__DATA__
|---|

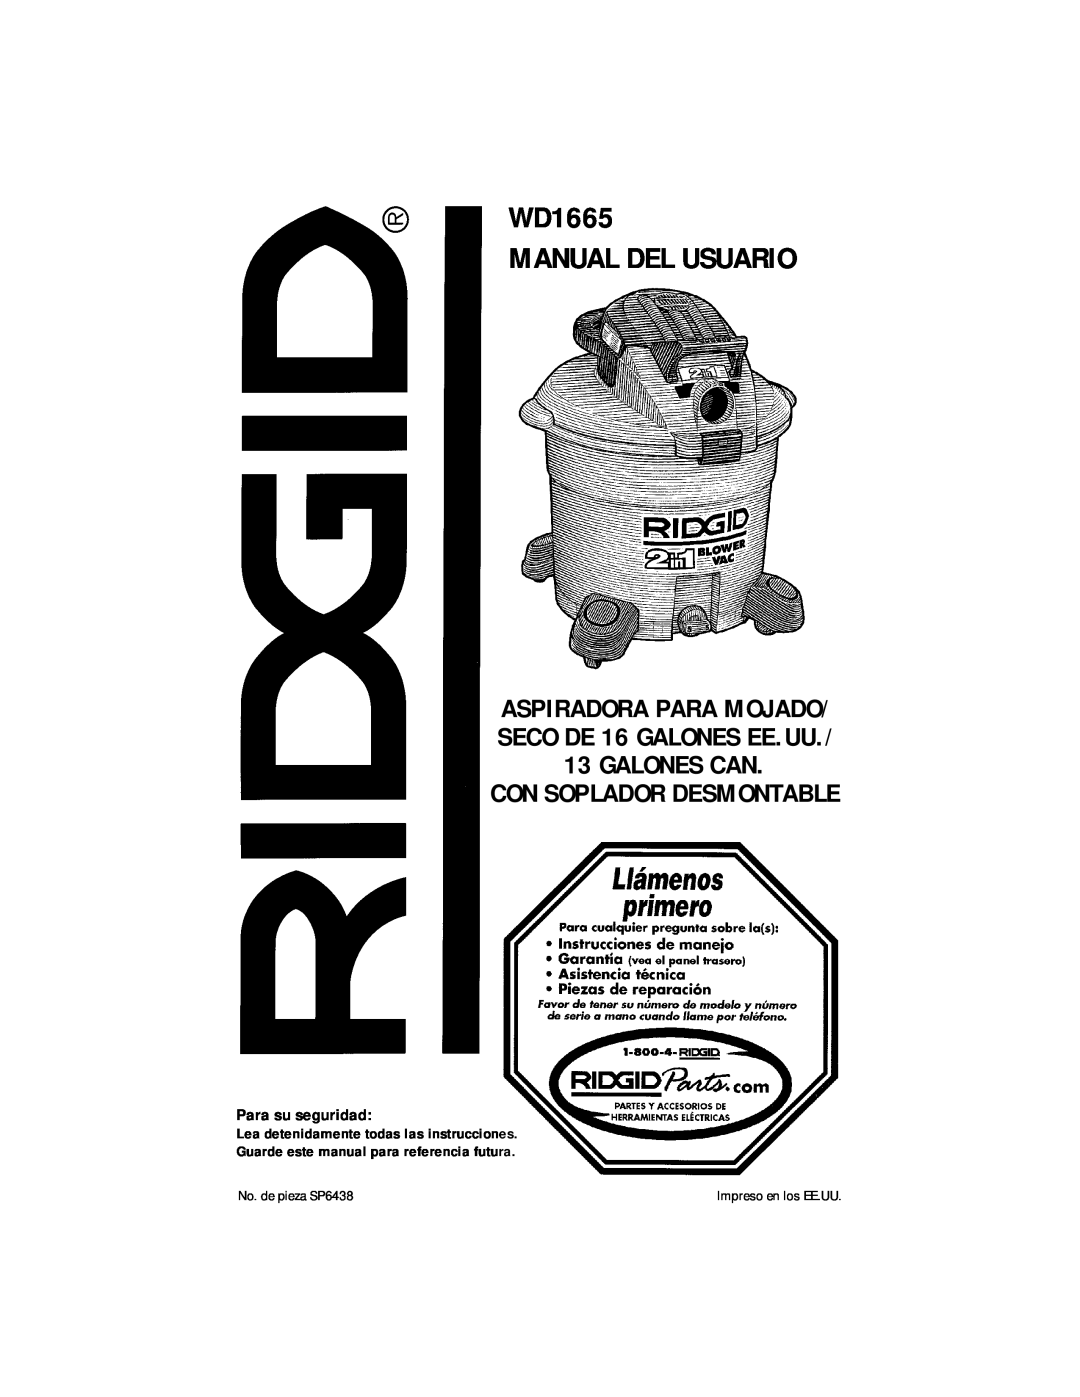 RIDGID manual WD1665 MANUAL DEL USUARIO, Con Soplador Desmontable, Para su seguridad, Impreso en los EE.UU 
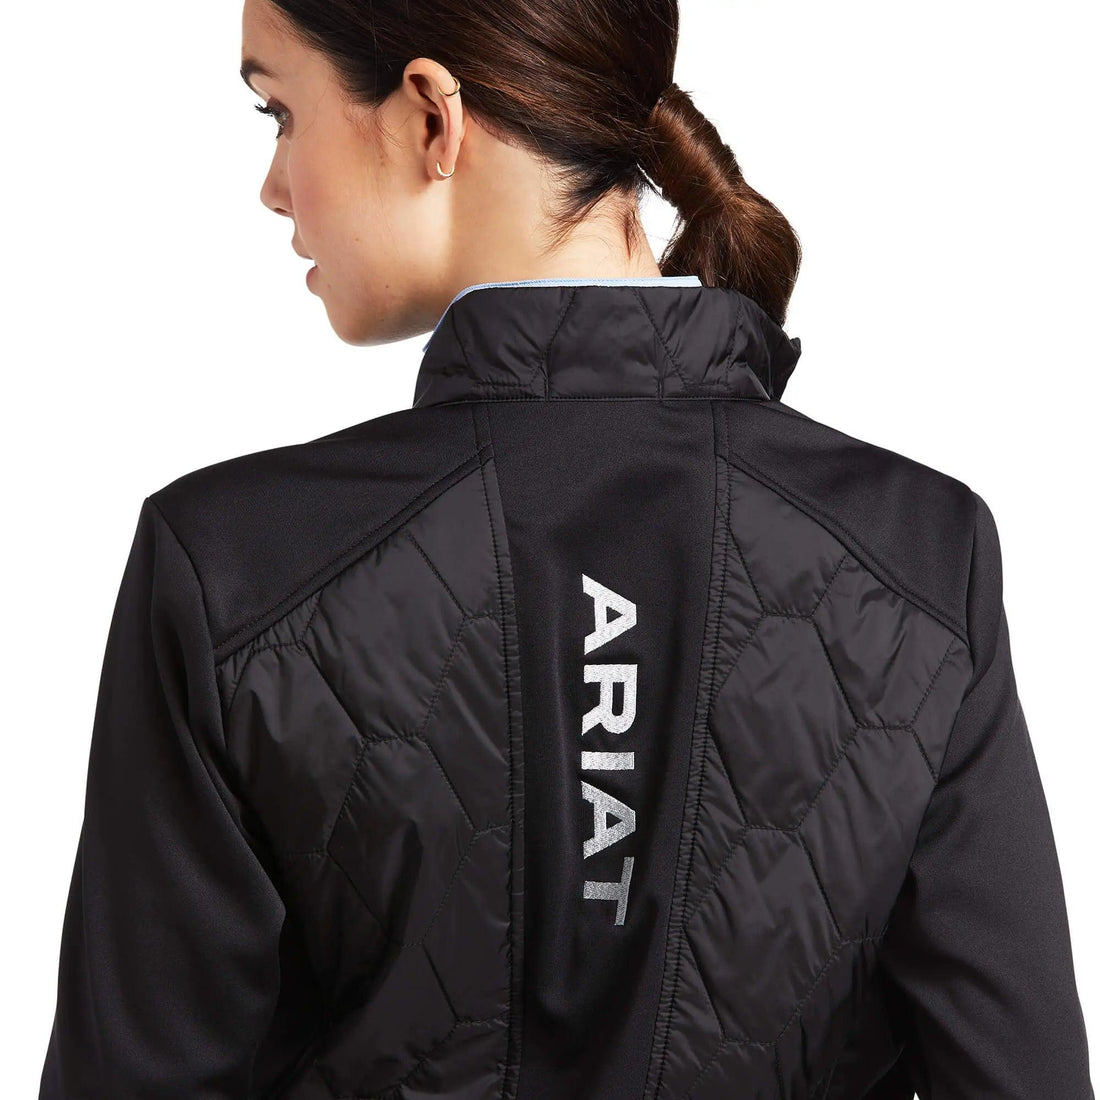 Ariat fusion insulated jacket ladies Ariat
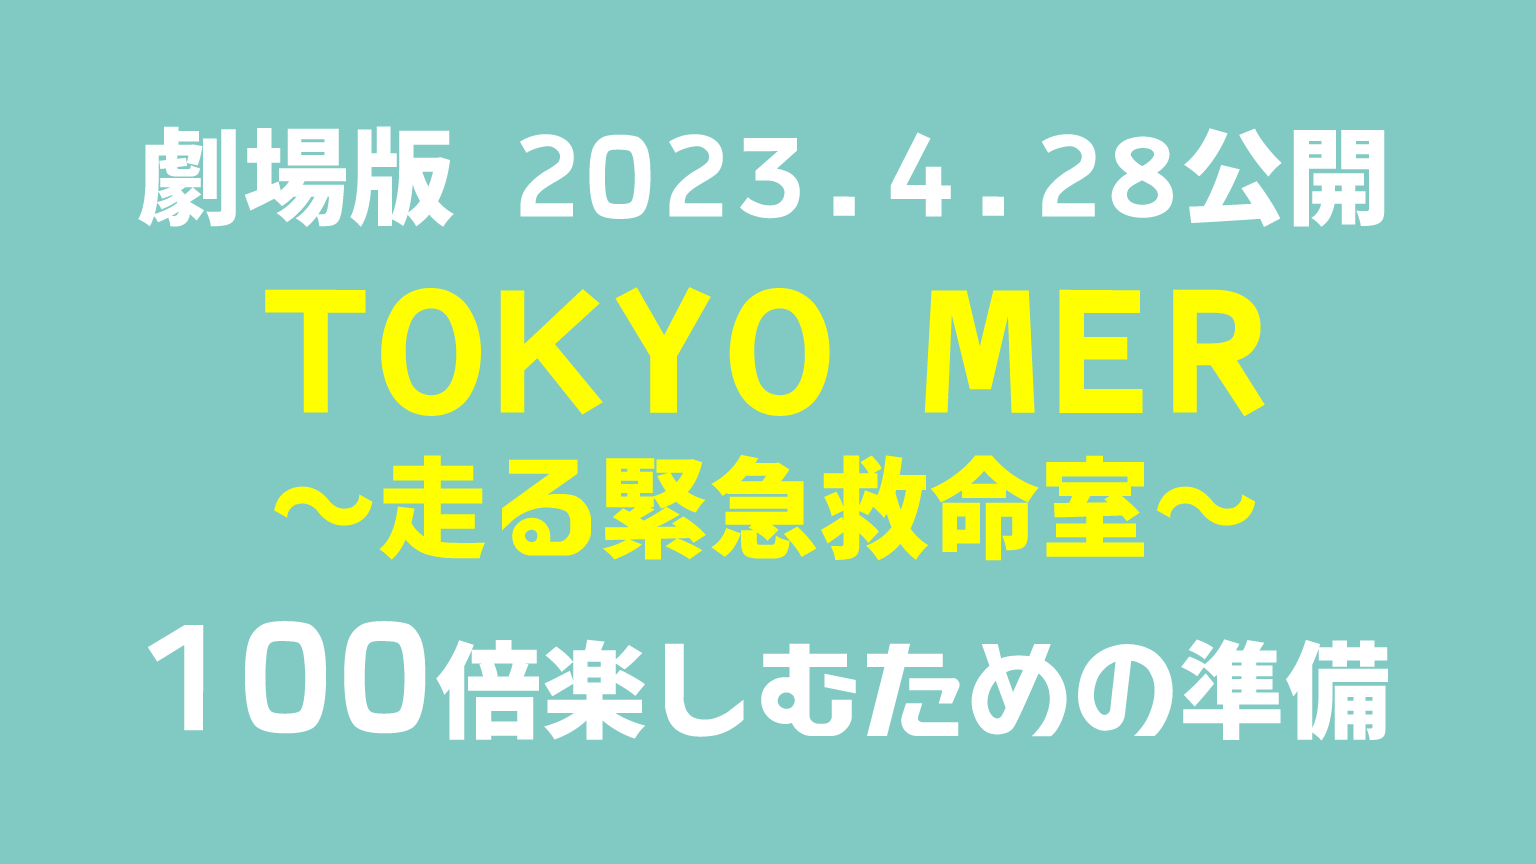 劇場版『TOKYO MER』を100倍楽しむための準備
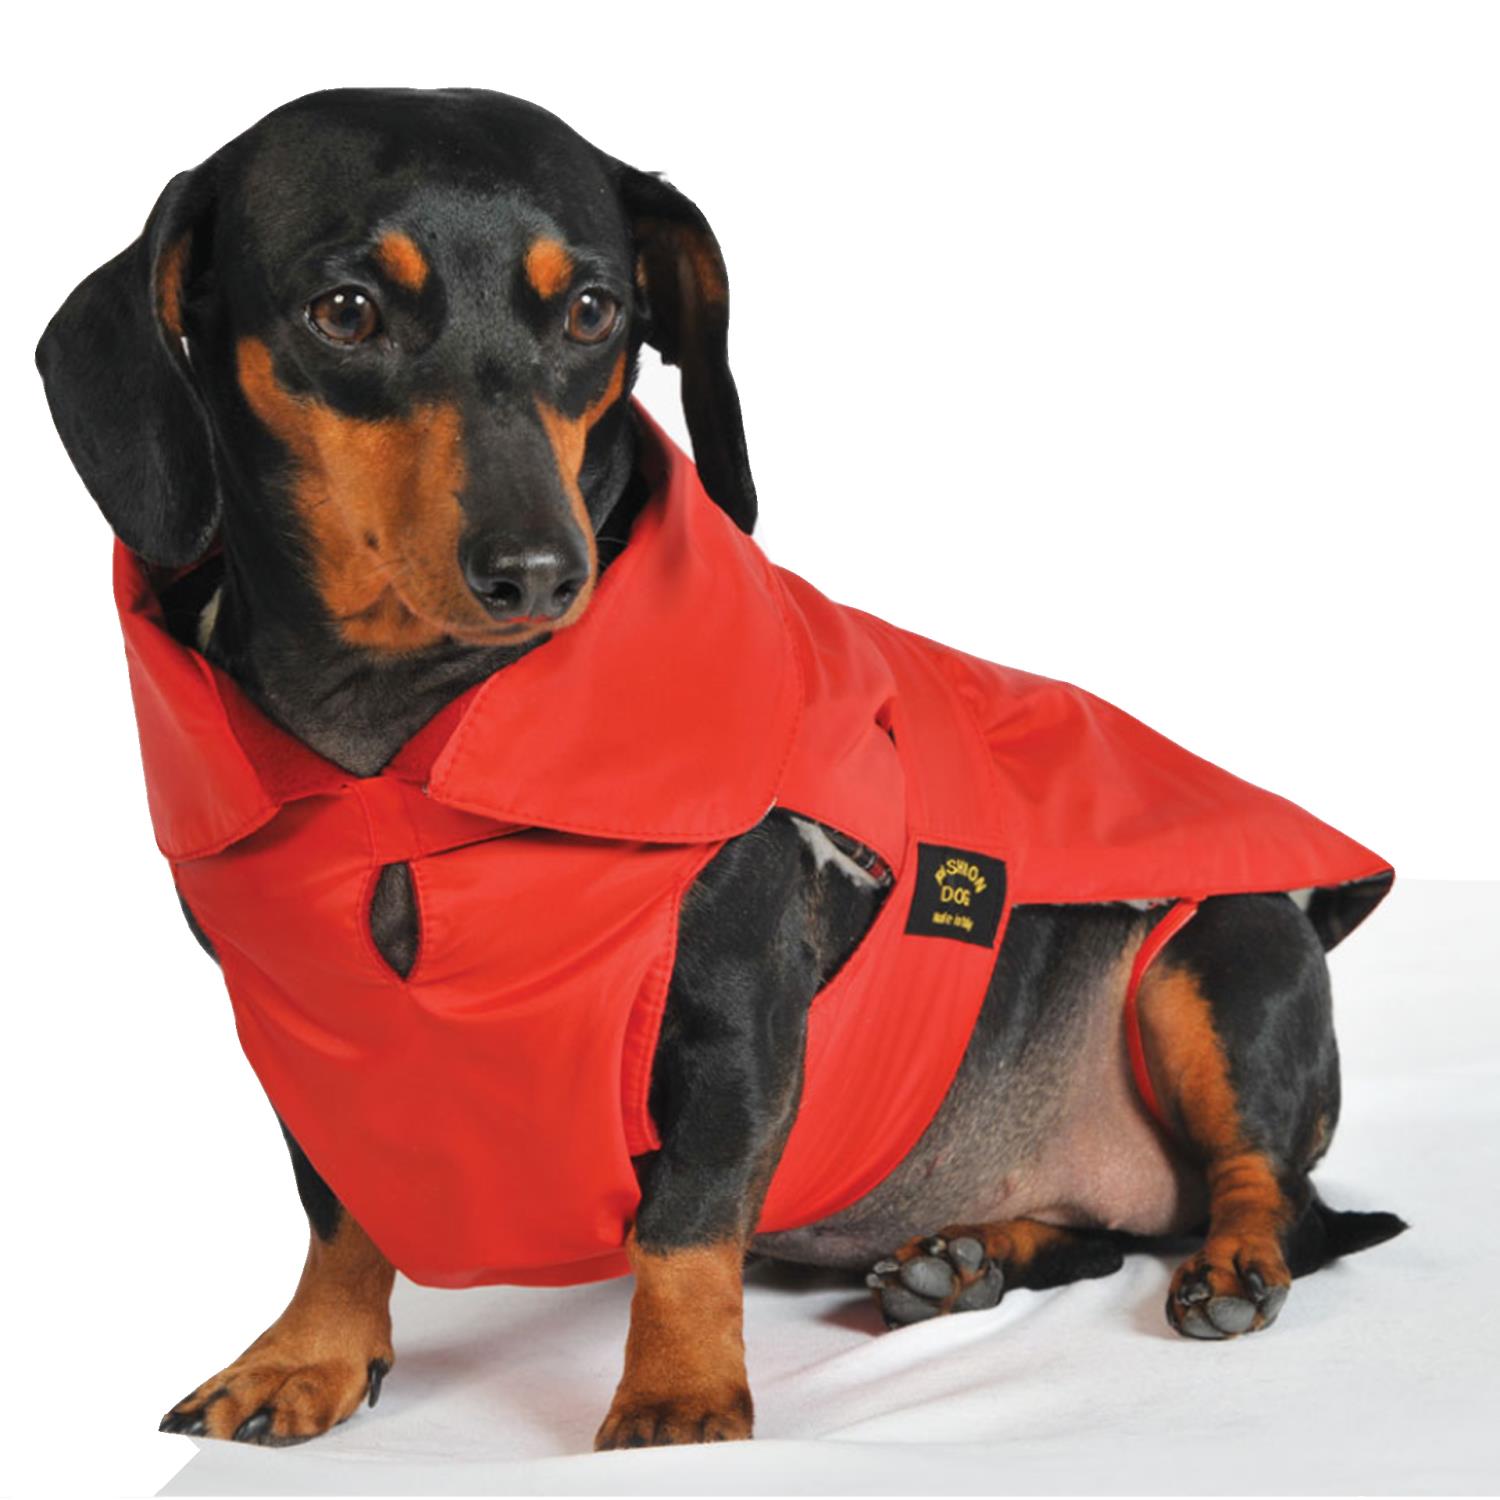 Fashion Dog Regndekken til Dachs med avtagbart fôr, Rød | Flere størrelser (33-47)

|---|

__WHAT TO DO__
Pictures stay out. Copy exactly, and only, the lines from the one containing "Ariat fusion insulated jacket ladies Ariat" through the end of the data.

__EXERCISE ANSWER__
 Ariat fusion insulated jacket ladies Ariat
 劇場版『TOKYO MER』を100倍楽しむための準備
 Fashion Dog Regndekken til Dachs med avtagbart fôr, Rød | Flere størrelser (33-47)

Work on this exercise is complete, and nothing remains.